MuXodious/L3-8B-Wingless-Moon-Maiden-PaperWitch-heresy
TEXT GENERATIONConcurrency Cost:1Model Size:8BQuant:FP8Ctx Length:8kPublished:Feb 22, 2026Architecture:Transformer0.0K Cold

MuXodious/L3-8B-Wingless-Moon-Maiden-PaperWitch-heresy is an 8 billion parameter language model created by MuXodious, merged using the DELLA method with SicariusSicariiStuff/Wingless_Imp_8B as its base. This model integrates NeverSleep/Lumimaid-v0.2-8B and Sao10K/L3-8B-Lunaris-v1, focusing on minimizing refusals and KL divergence. It is designed for applications requiring a model with specific refusal and divergence characteristics, operating with an 8192 token context length.

Loading preview...

Model Overview

MuXodious/L3-8B-Wingless-Moon-Maiden-PaperWitch-heresy is an 8 billion parameter language model developed by MuXodious. It is a merged model, utilizing the DELLA merge method with SicariusSicariiStuff/Wingless_Imp_8B as its foundational base.

Merge Details

This model was created by combining three distinct models:

  • Base Model: SicariusSicariiStuff/Wingless_Imp_8B
  • Merged Models:
    • NeverSleep/Lumimaid-v0.2-8B (with a weight of 0.5)
    • Sao10K/L3-8B-Lunaris-v1 (with a weight of 0.5)

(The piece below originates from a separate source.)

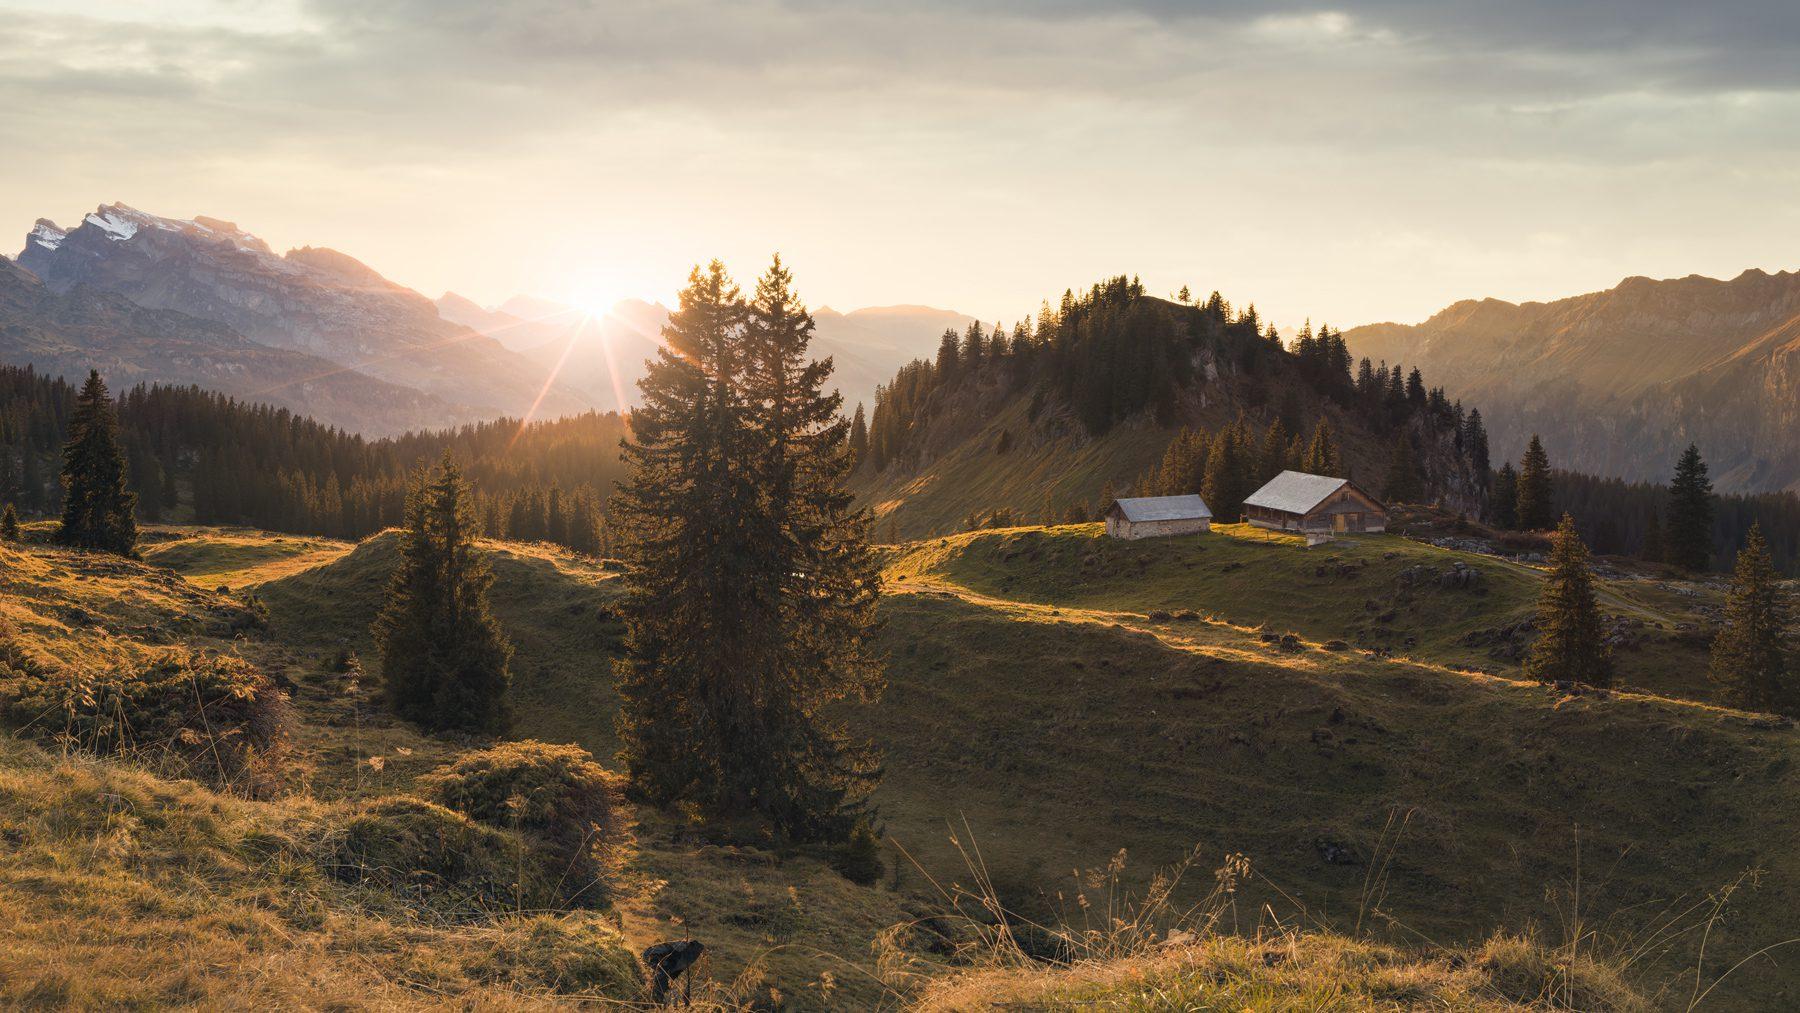 Herbstlicher Sonnenuntergang auf der Bödmeren Alp / Muotathal mit Blick auf Roggenstöckli, Wasserberg, die Rigi, Hoch Ybrig und den Bödmeren Urwald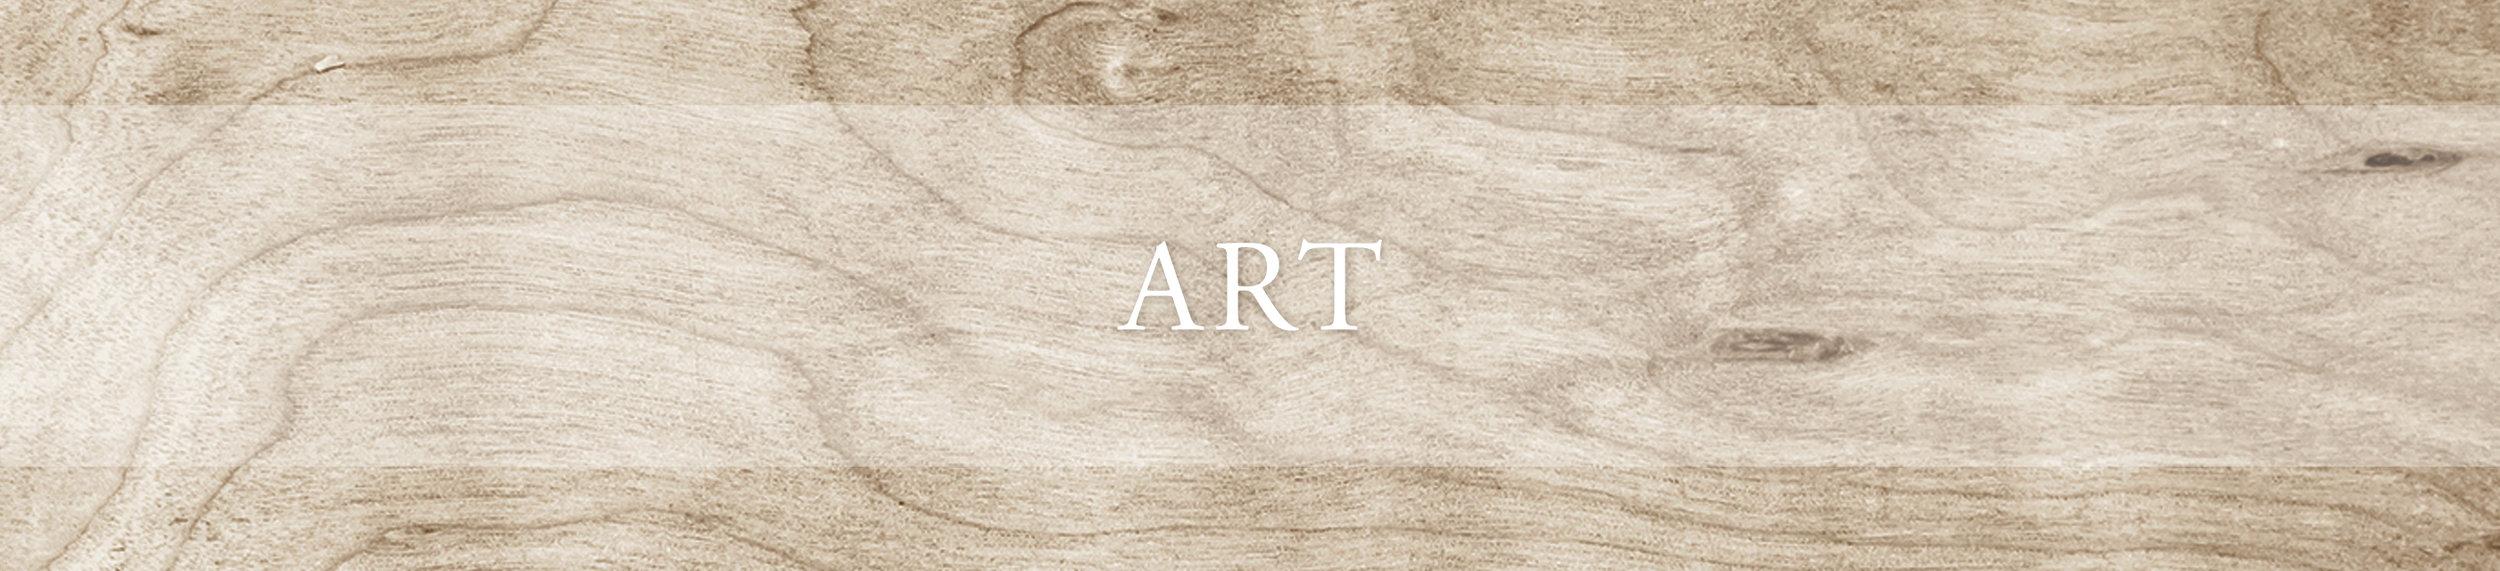 SSA_Product-Banner-Art.jpg

The merge configuration also specifies a density of 0.5, normalization, an epsilon of 0.4, and a lambda of 1. The tokenizer source is set to union, and it uses the llama3 chat template.

Performance Characteristics

The model's "Heretication Results" highlight its performance in terms of refusals and KL divergence. It achieved 0/104 refusals and a KL divergence of 0.0129 in its best trial, indicating a focus on reducing model refusal rates. Initial refusal rates were significantly higher (101/104), suggesting the merging process aimed to mitigate this behavior.

Key Features

  • 8 Billion Parameters: A moderately sized model suitable for various tasks.
  • DELLA Merge Method: Leverages a specific merging technique to combine capabilities from multiple base models.
  • Optimized for Refusal Reduction: Performance metrics indicate a design goal of minimizing model refusals.
  • 8192 Token Context Length: Supports processing of relatively long sequences.

Potential Use Cases

This model could be particularly useful for applications where:

  • Minimizing model refusals to user prompts is critical.
  • Leveraging the combined strengths of the merged base models is desired.
  • A model with an 8B parameter count and 8192 token context is appropriate for the computational budget and task complexity.